|This imposing example of Renaissance draughtsmanship depicts the mythical union of Leda, Queen of Sparta, with the god Jupiter who has taken the form of a swan. |
Leda is one of the oldest and largest drawings in the Royal Academy Collections. However, its real fascination lies in the fact that it replicates a long-lost work by Michelangelo. It was once thought to be Michelangelo's cartoon for the painting of Leda and the Swan that he produced for Alfonso d'Este, Duke of Ferrara, in 1529-30. However, this attribution has since been challenged and the RA's drawing is now considered to be a copy made by another 16th-century artist, possibly Rosso Fiorentino. Michelangelo's painting and cartoon were sent to France in the 1530s and have since been lost or destroyed. The Royal Academy drawing is therefore among a small number of surviving contemporary copies that record the appearance of Michelangelo's original painting.
The history of Michelangelo's Leda, and its copies, is complex. For reasons which remain obscure, the artist never delivered the painting to the Duke of Ferrara but instead sent the painting and its cartoon to France with his assistant Antonio Mini. There is little solid evidence for the painting's whereabouts once it reached France but the art historian Giorgio Vasari was probably correct in his claim that Michelangelo's Leda was acquired by King François I for the palace of Fontainebleau. The Royal Academy's drawing is thought to have been made from Michelangelo's cartoon rather than his painting, possibly by Rosso Fiorentino who was in France from 1530 to 1540 in the service of the King. Some scholars have doubted the logic of Rosso copying a work which was already in the French royal collection, but the high quality of drawing, along with Vasari's recollection that a cartoon of a Leda was found in Rosso's studio after his death, make this a plausible attribution.
The powerful physicality and erotic charge of Leda and the Swan proved controversial, and probably account for the disappearance of Michelangelo's original works. His painting is reputed to have been destroyed during the seventeenth century on the orders of Queen Anne of Austria because she objected to its 'lasciviousness'. An inventory of the French royal collection made in 1691 records this iconoclastic act as well as the existence of a drawing 'by Michelangelo representing a Leda'. A note in the margin indicates that the drawing was also 'to be burned' and its absence from subsequent inventories suggests that it must have been destroyed, sold or given away.
Attempts to identify the Royal Academy's Leda cartoon with the drawing mentioned in the 1691 French royal inventory have recently been disproved. It has been shown that the cartoon was in the collection of Bernardo Vecchietti in Florence from 1568. It remained in the possession of this family until c. 1771 when it is recorded as having passed to the English collector William Lock the Elder. Lock the Elder set out on a Grand Tour in 1749 and reached Rome by January 1752 travelling with the artist Richard Wilson and the painter and dealer, Thomas Jenkins. Lock began to collect artworks while in Italy and is said to have inherited a large fortune in the early 1760s.
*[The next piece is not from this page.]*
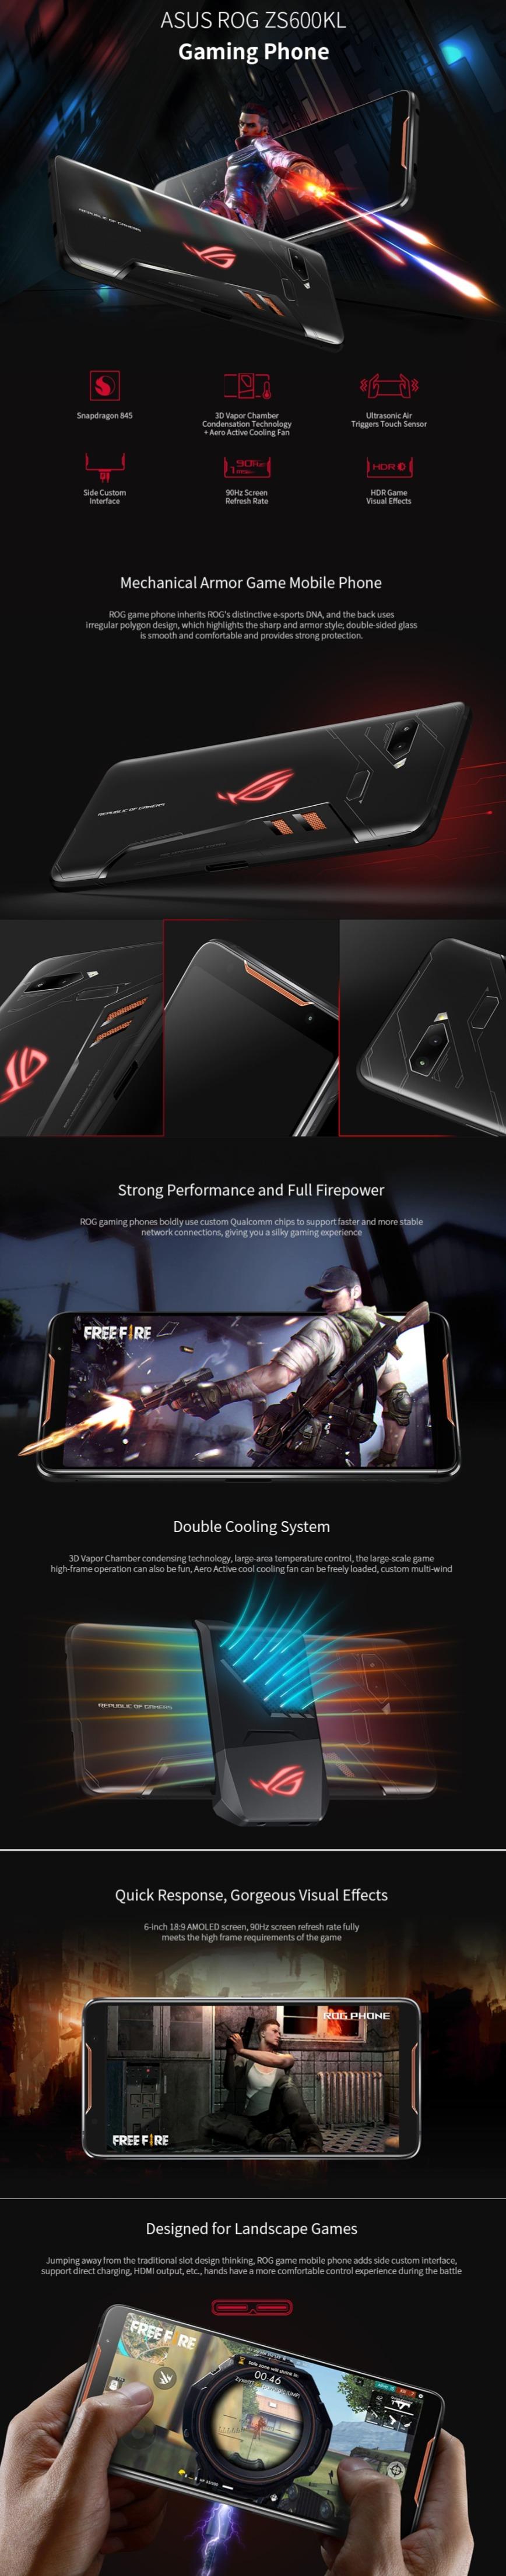 Black Friday ASUS ROG ZS600KL Gaming Phone 4G Smartphone
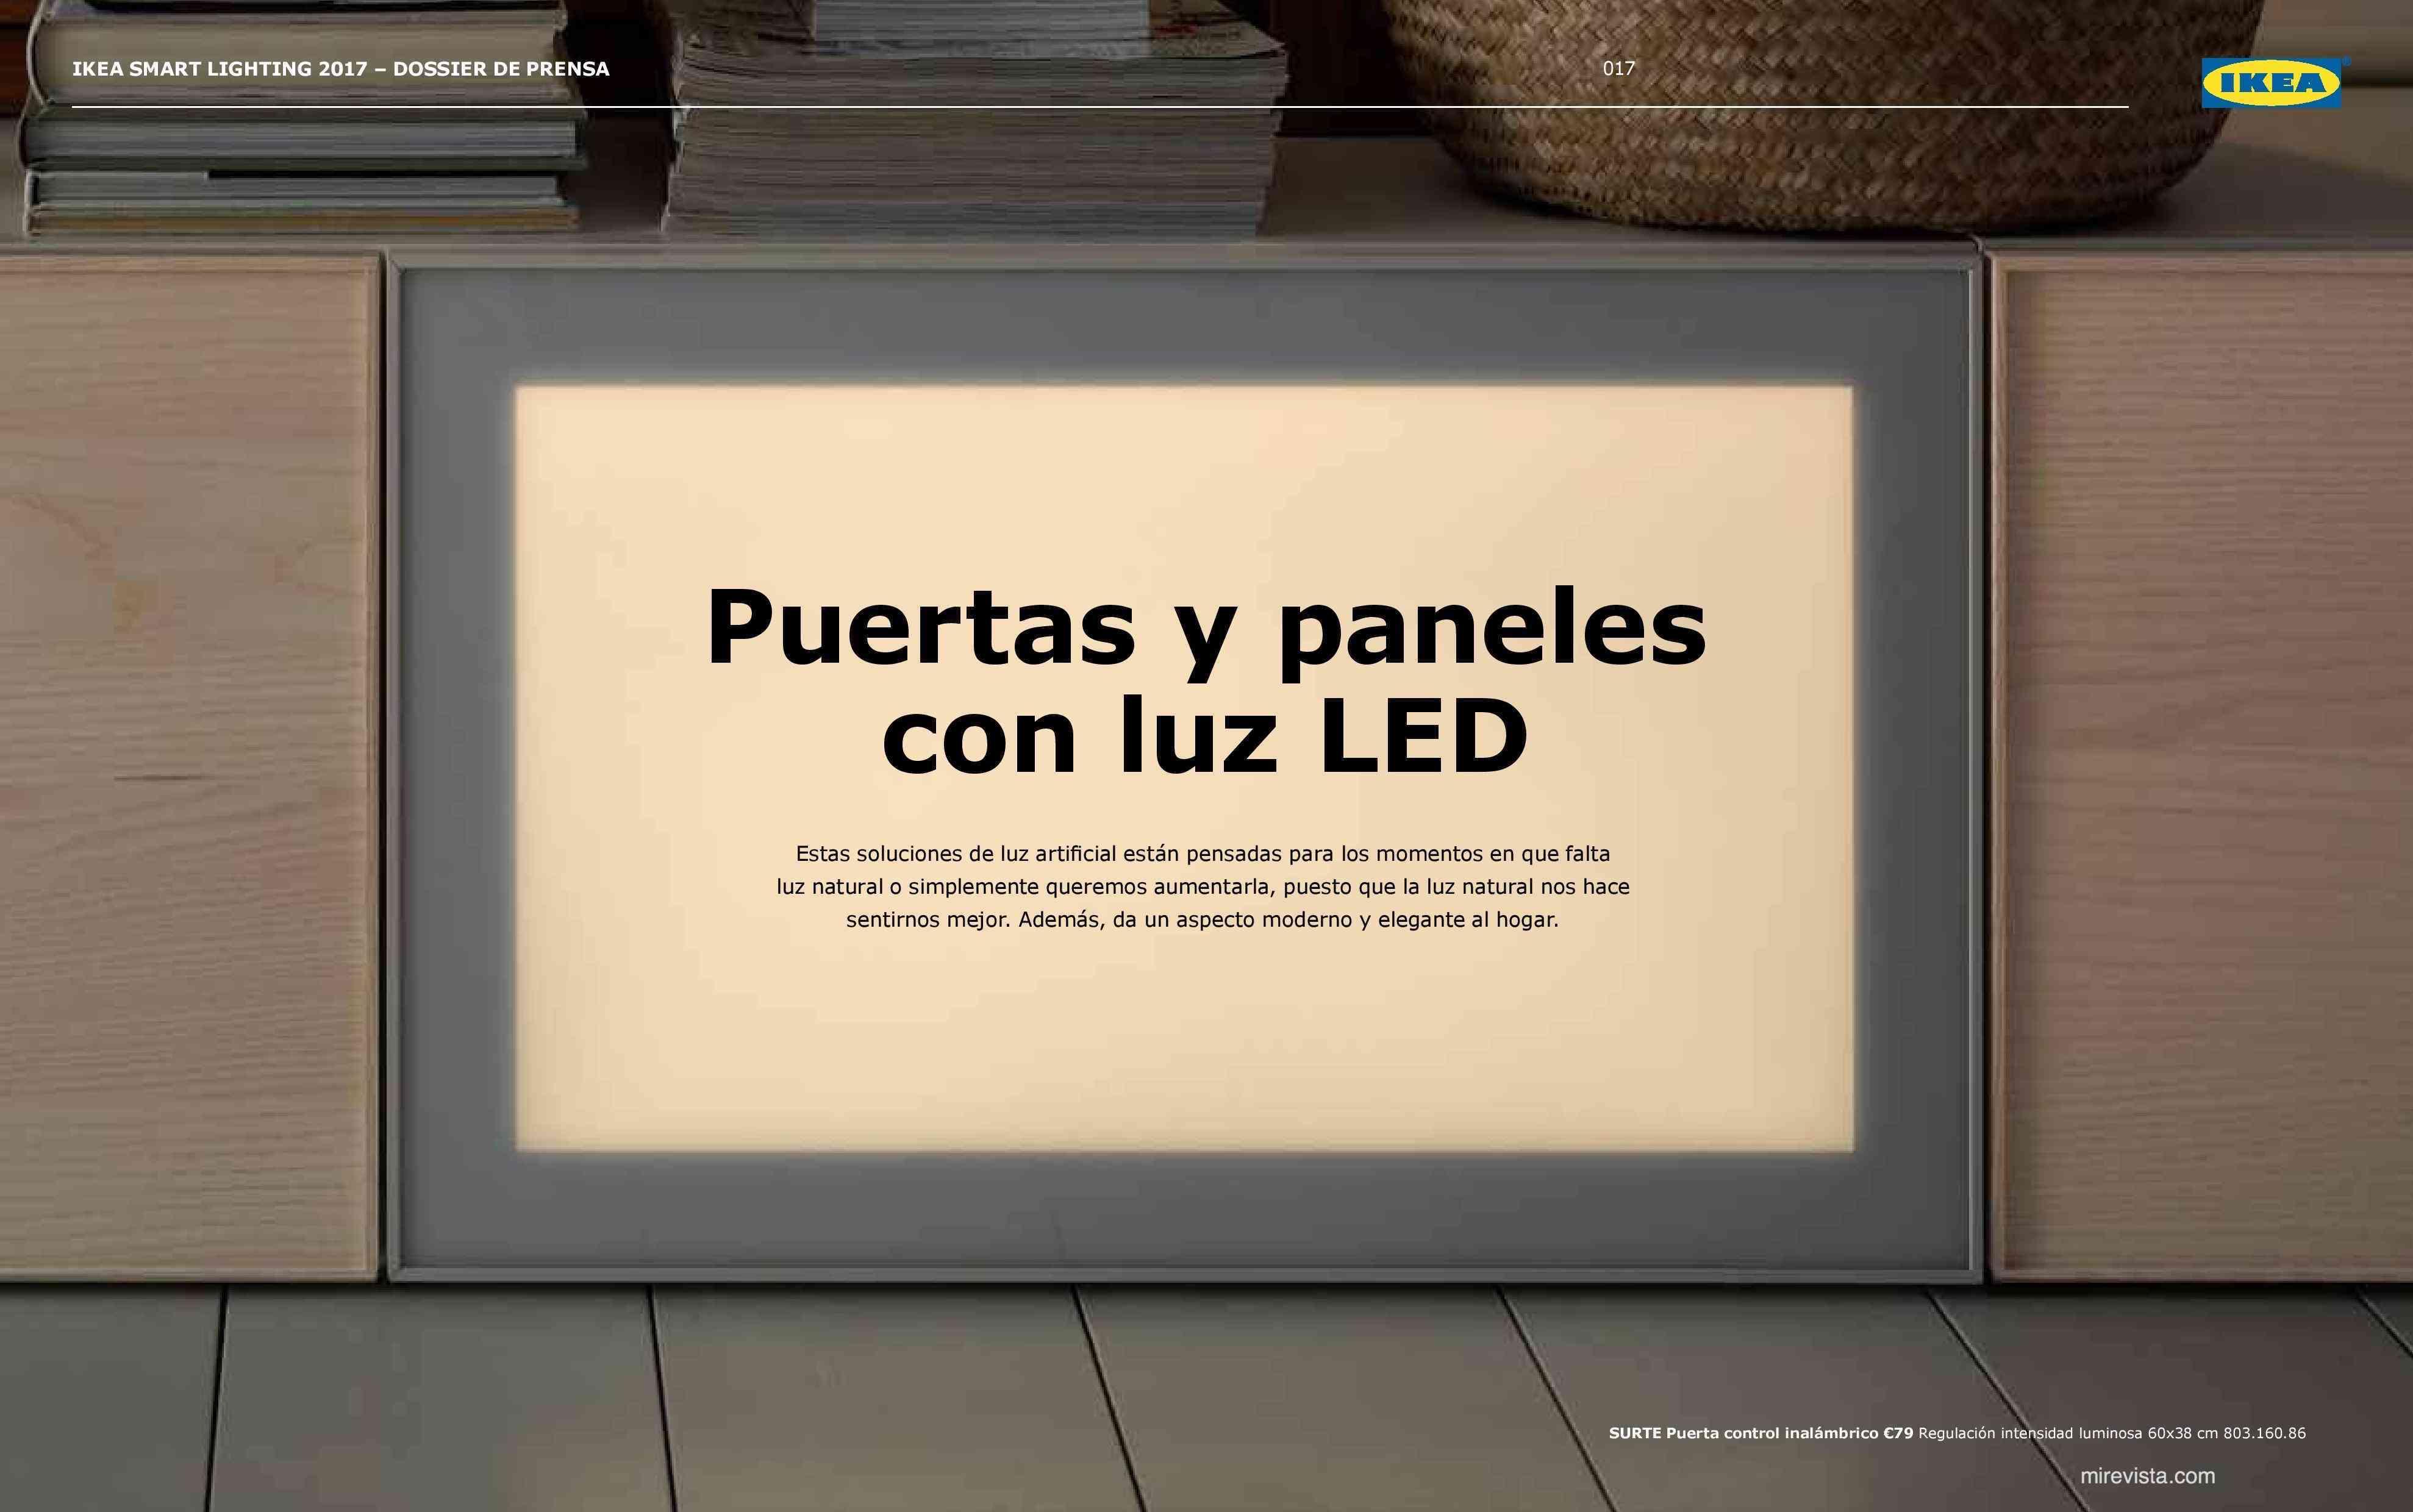 Novedades en iluminación de casas inteligentes con IKEA 73

By 1774 his collection included two of the 'most beautiful & largest Claude's' and models 'by several Old Masters'. It is likely that he bought the cartoon directly from the Vecchietti family. He had it shipped to London by 1773 and it was later hung at his country estate, Norbury Park in Surrey.
When Lock died the cartoon passed to his son, William Lock the Younger, who kept the work in his study until plans to move abroad necessitated the sale of some of the family collection. At this point, Sir Thomas Lawrence, who was a friend of the family as well as an obsessive collector of Old Master drawings, made a desperate but ultimately unsuccessful attempt to persuade Lock to sell him the drawing. Lock the Younger refused, however, and instead presented the cartoon to the Royal Academy where it was initially displayed in the RA Schools as an example to the students. When the institution moved to Burlington House later in the century, the drawing was hung in the General Assembly Room. The image remained contentious, however, and in 1877 two Academicians unsuccessfully attempted to have it ousted from the collection on the grounds that it was morally corrupting.